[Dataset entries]

^^^^

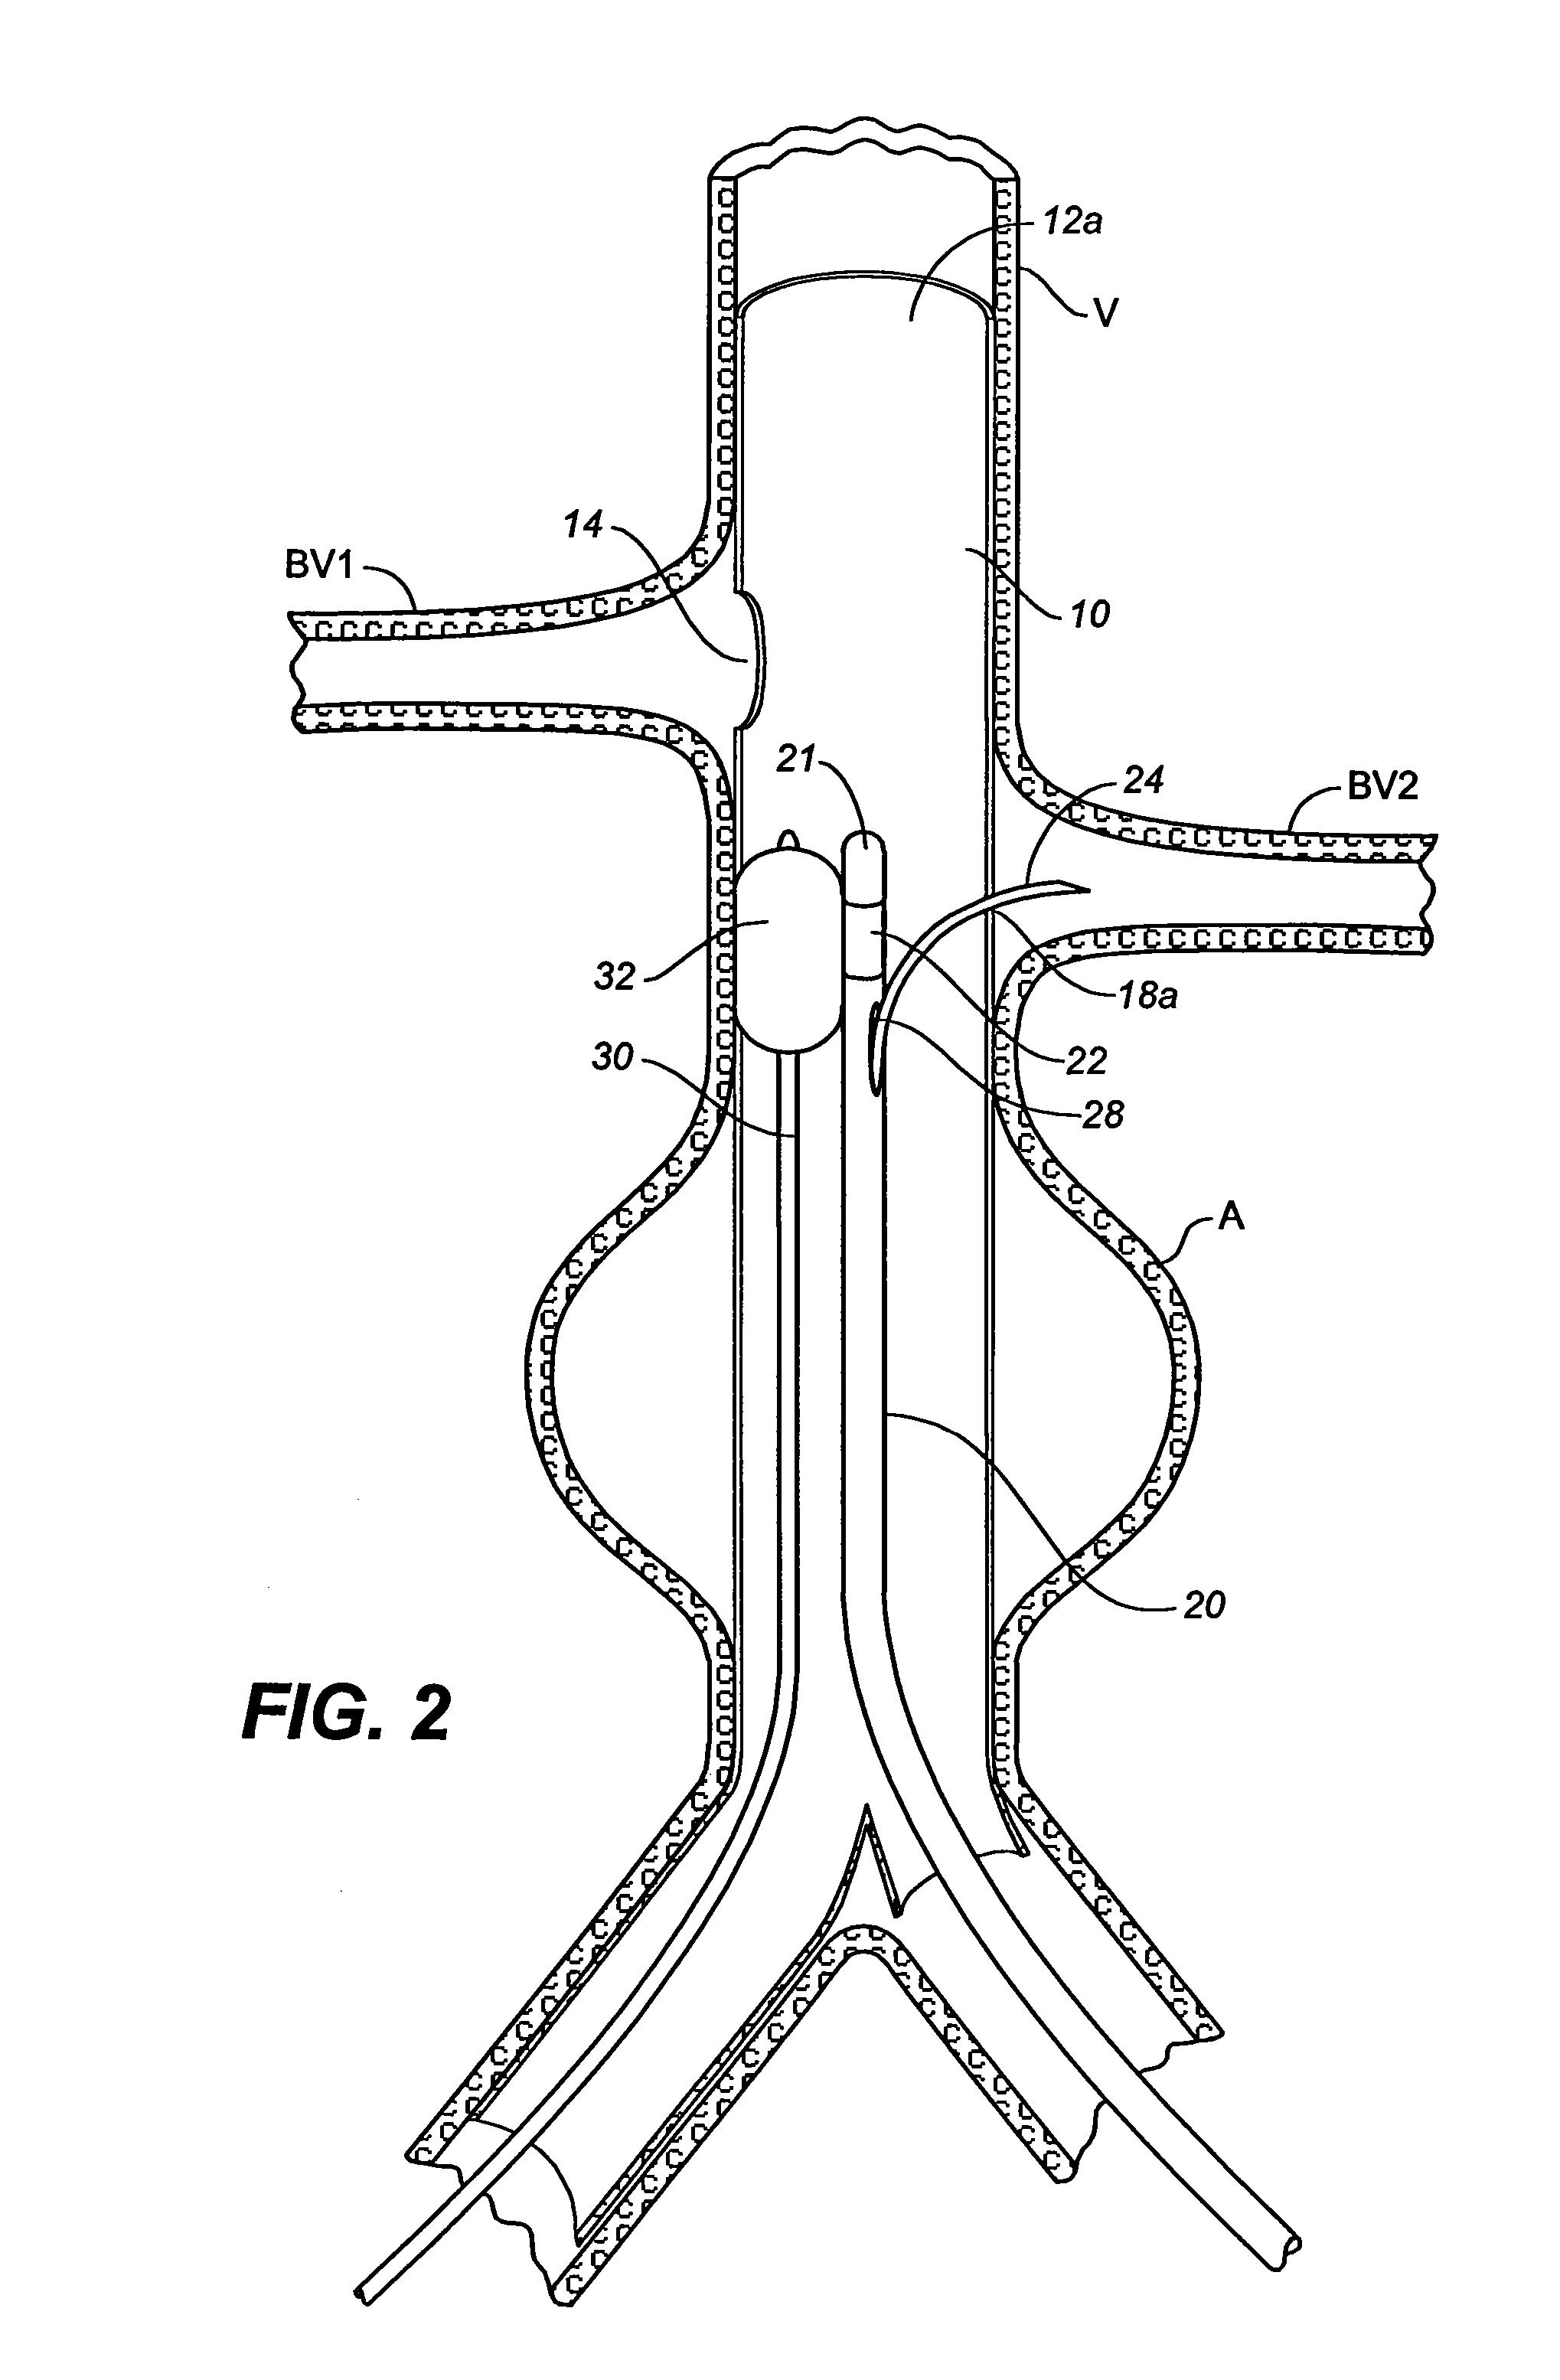 Multiple Branch Tubular Prosthesis and Methods
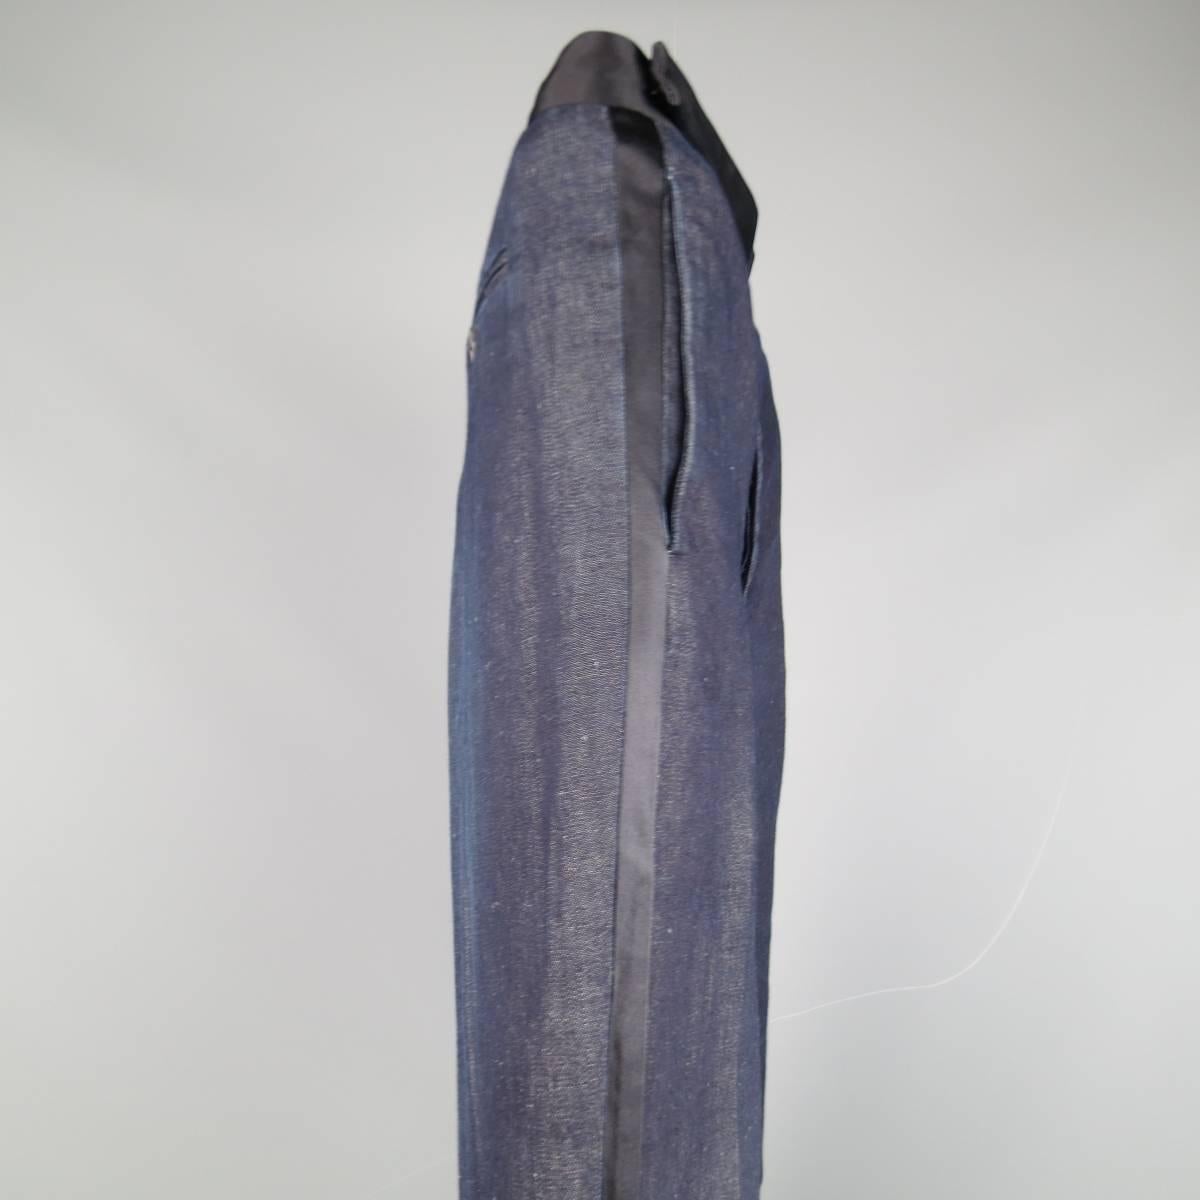 MASON MARTIN MARGIELA trousers in a classic deep indigo blue denim featuring black satin tuxedo stripes and waistband.  Made in Italy.
 
Excellent Pre-Owned Condition.
Marked: IT 50
 
Measurements:
 
Waist: 35 in.
Rise: 11 in.
Inseam:  32 in.
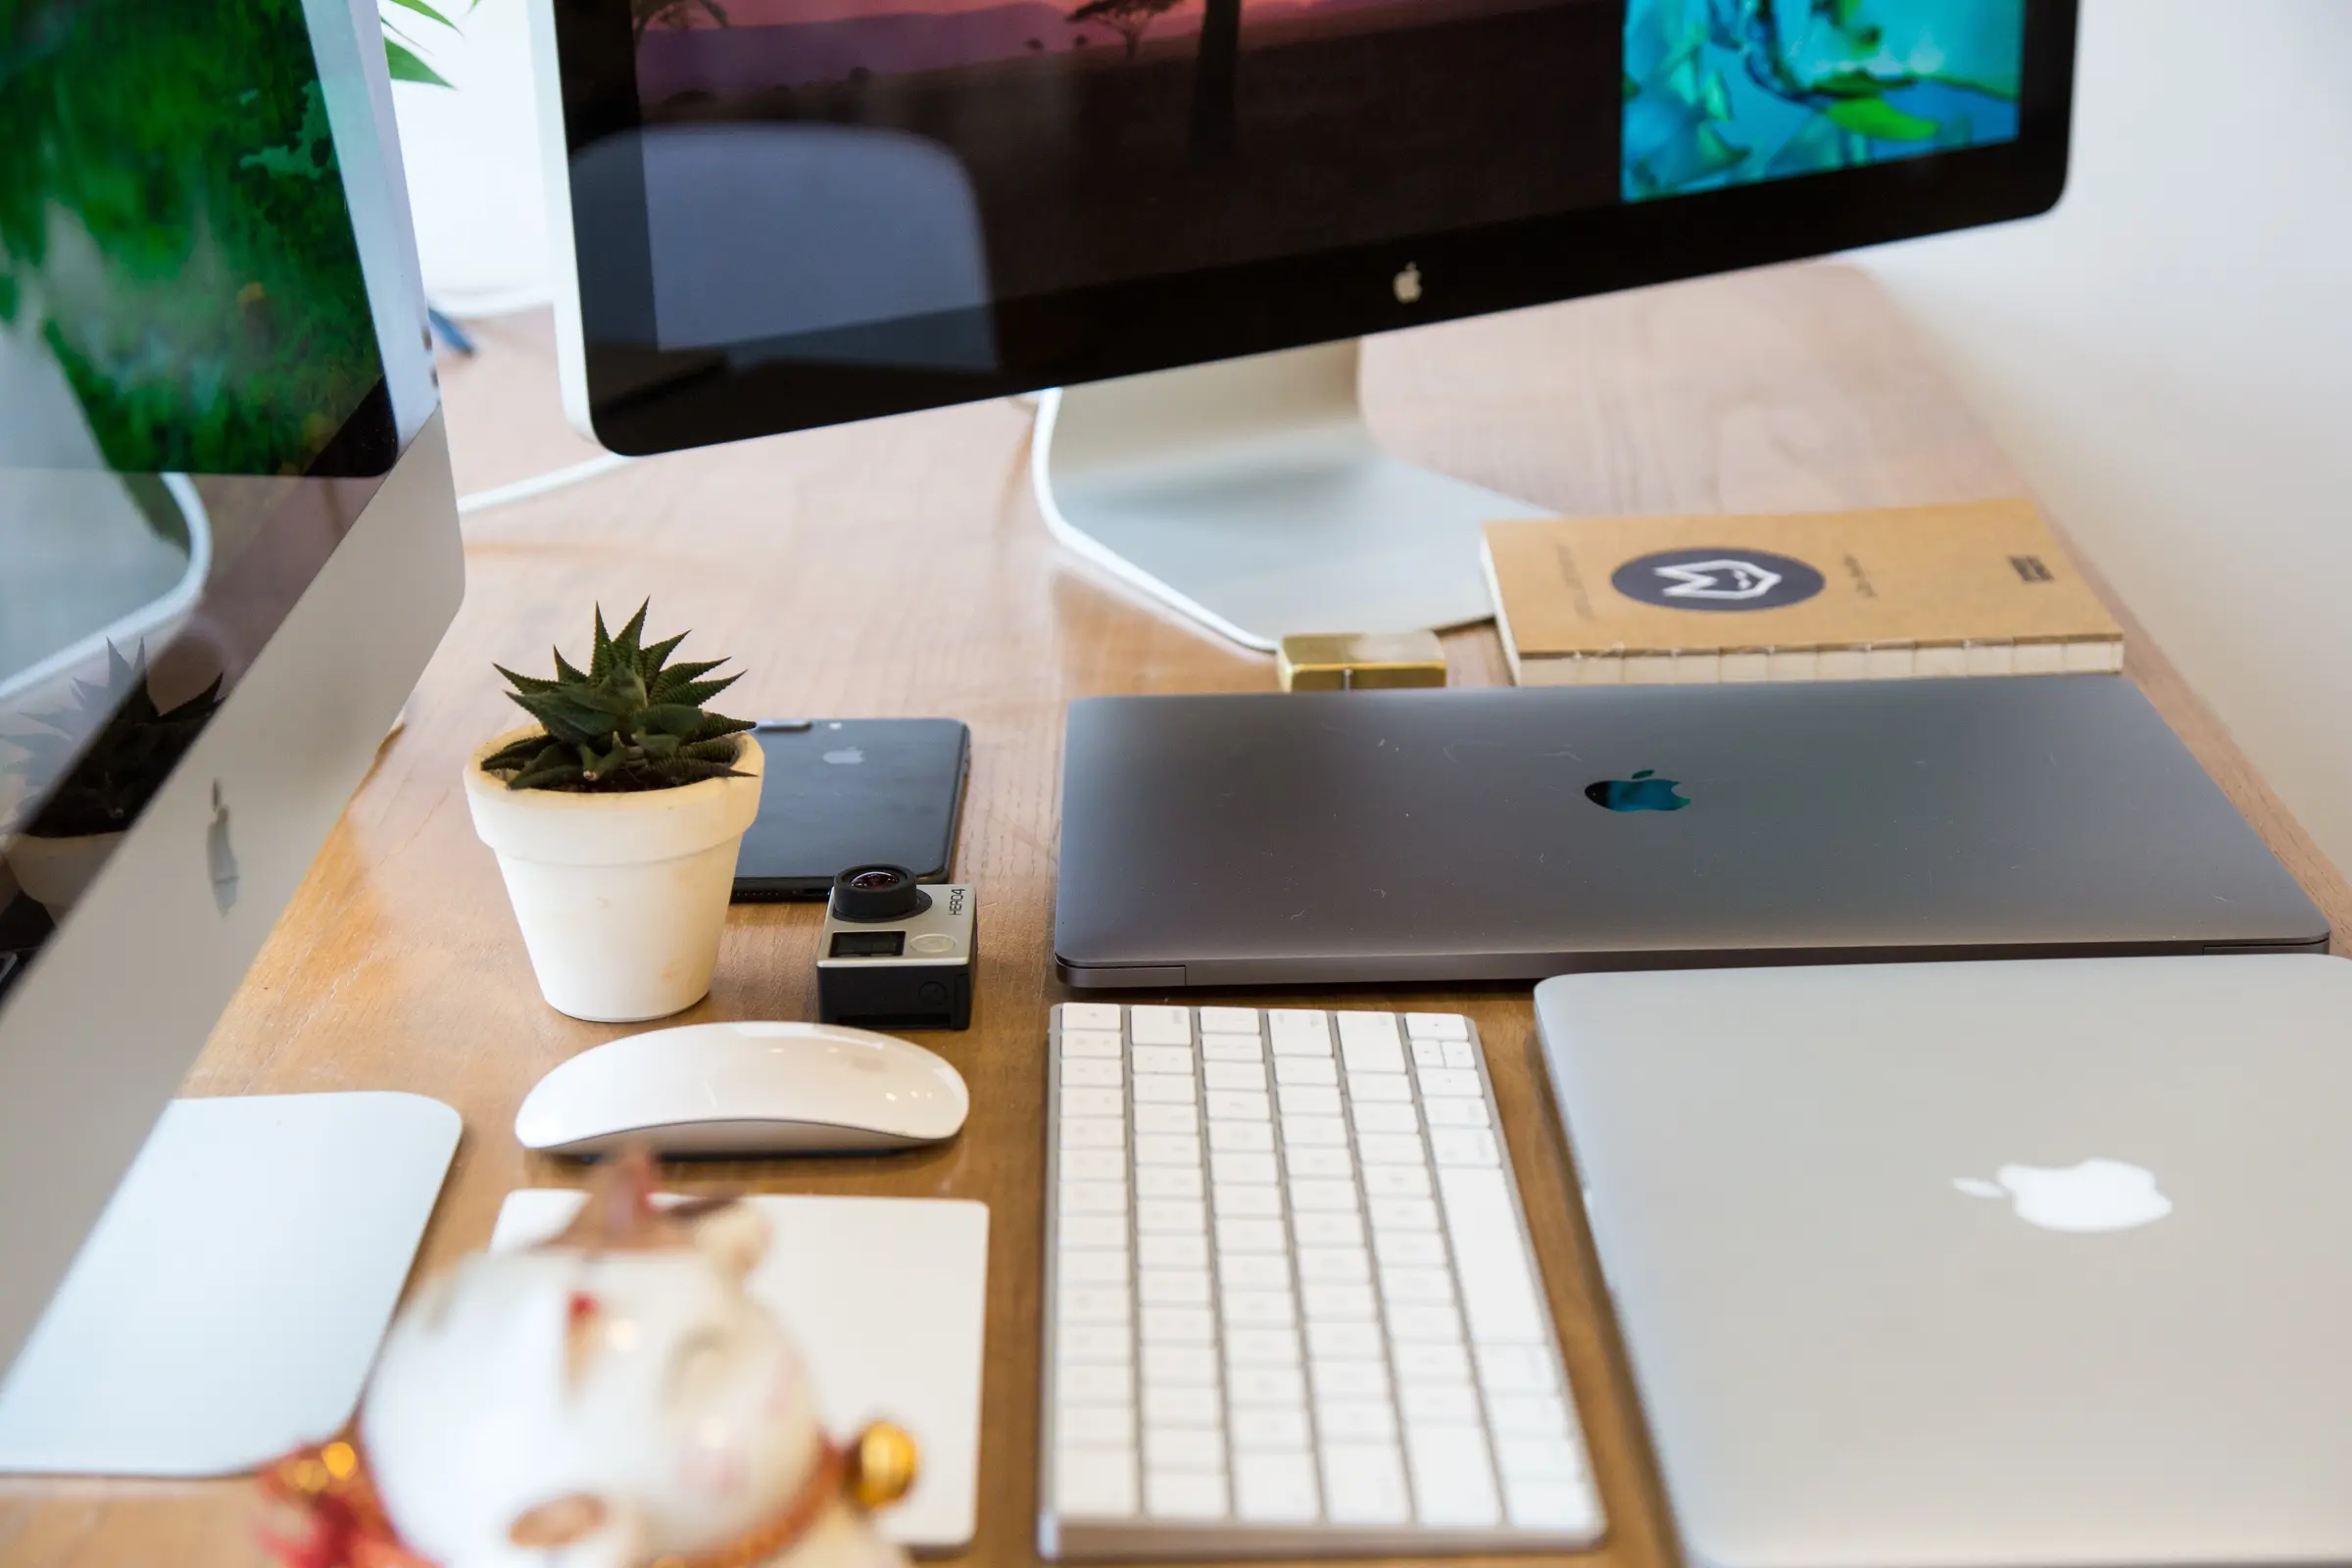 image of a desk with a computer, a wireless keyboard and mouse, 2 computers and some ornaments representing the graphic designer content creator job position featured image for gas leaks

^^^^

Starting where a line contains "Rise: 11 in." and finishing at the last line above, set down every line exactly as it reads, with no pictures.

Rise: 11 in.
Inseam:  32 in.
 image of a desk with a computer, a wireless keyboard and mouse, 2 computers and some ornaments representing the graphic designer content creator job position featured image for gas leaks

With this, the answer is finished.